The city in 1855 began keeping official death records in a large ledger called the “Interment Register.” In August 1874, DC began issuing individual death certificates, which contained more information than the earlier records. The Walter Pierce Park Burials Database identifies people by name, age, cause of death, length of time residing in the District of Columbia, the place of death (usually the home address), and other biographical information.

MatildaHayes

The 1889 death certificate of Matilda Hayes, a 67-year-old nurse/midwife who died in Hillsdale and was buried at Mt. Pleasant Plains.

In the course of its research, the Walter Pierce Park Archaeological Team found very few city records documenting burials in the Quaker cemetery, which was founded in 1807–about 48 years before the city began keeping death records. In addition to burials in the Quaker Friends Burial Ground and the African American Mt. Pleasant Plains Cemetery at Walter Pierce, the database includes burials in the African American Free Young Men’s Cemetery at 12th and V Streets NW, which was  in operation between 1849 and 1870. The graves from the Free Young Men’s Cemetery were moved to Mt. Pleasant Plains in 1873.

If you’re looking for an ancestor or someone else in the database, we encourage you to use creative name spellings. Death certificates were filled out by doctors and undertakers, and misspellings sometimes occurred. In addition, there were large gaps in the city death records during the Civil War–specifically between June 1861 to June 1862, and from August 1862 to January 1866–causing the omission of an unknown number of burials.

The Walter Pierce Park Archaeological Team reviewed more than 75,000 death records at the District of Columbia Archives to document the nearly 8,500 burials in the database. We are extremely grateful for the help of DC archivists Ali Rahmaan and Bill Branch, who kept us on track through our months-long project.

WE ARE PROUD TO MEET THE DESCENDANTS OF THOSE WHO WERE BURIED IN THE WALTER PIERCE PARK CEMETERIES. IF YOU HAVE FOUND AN ANCESTOR OR HISTORICAL FIGURE YOU’VE BEEN SEEKING ON THE LIST OF BURIALS, PLEASE CONSIDER LEAVING A COMMENT!

3 responses to “The Names: Find Your Ancestors!

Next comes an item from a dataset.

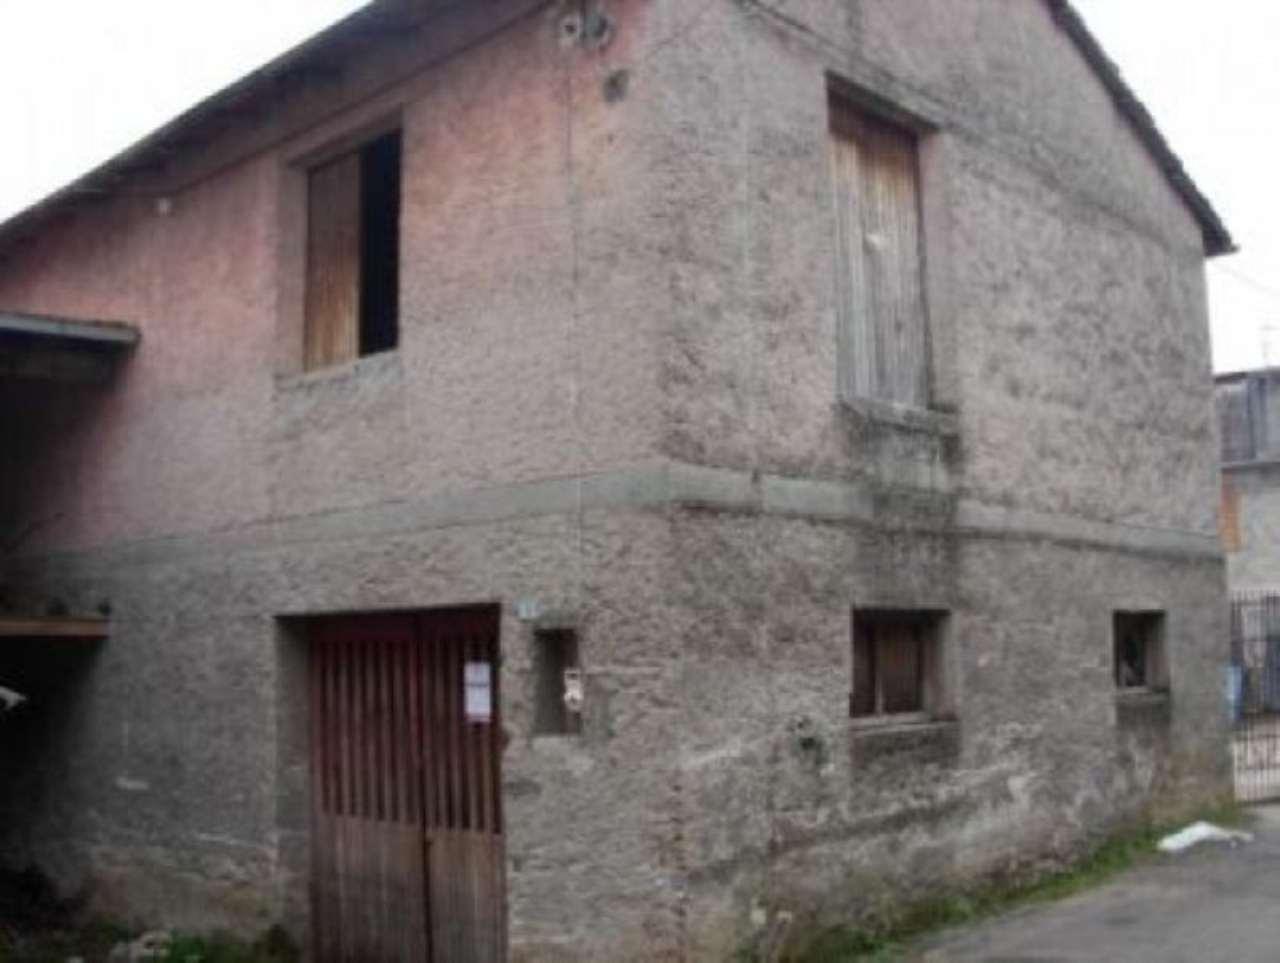 Rustico / Casale in vendita a Avezzano, 3 locali, prezzo € 60.000 | Cambio Casa.it

  1. Thank you so much for your website and this list. My 4th Great Grandparents were buried at the Mt. Pleasant Cemetery. They were Philip Johnson (d. 1879) and his wife, Clara Johnson (d. 1874). I had a copy of the death certificate, which is how I found out about the cemetery. After doing a google search Mt. Pleasant in DC, I found a Washington Post Article and this website. Thank you for your work and concern to those persons buried here. Respectfully, Andre Ferrell.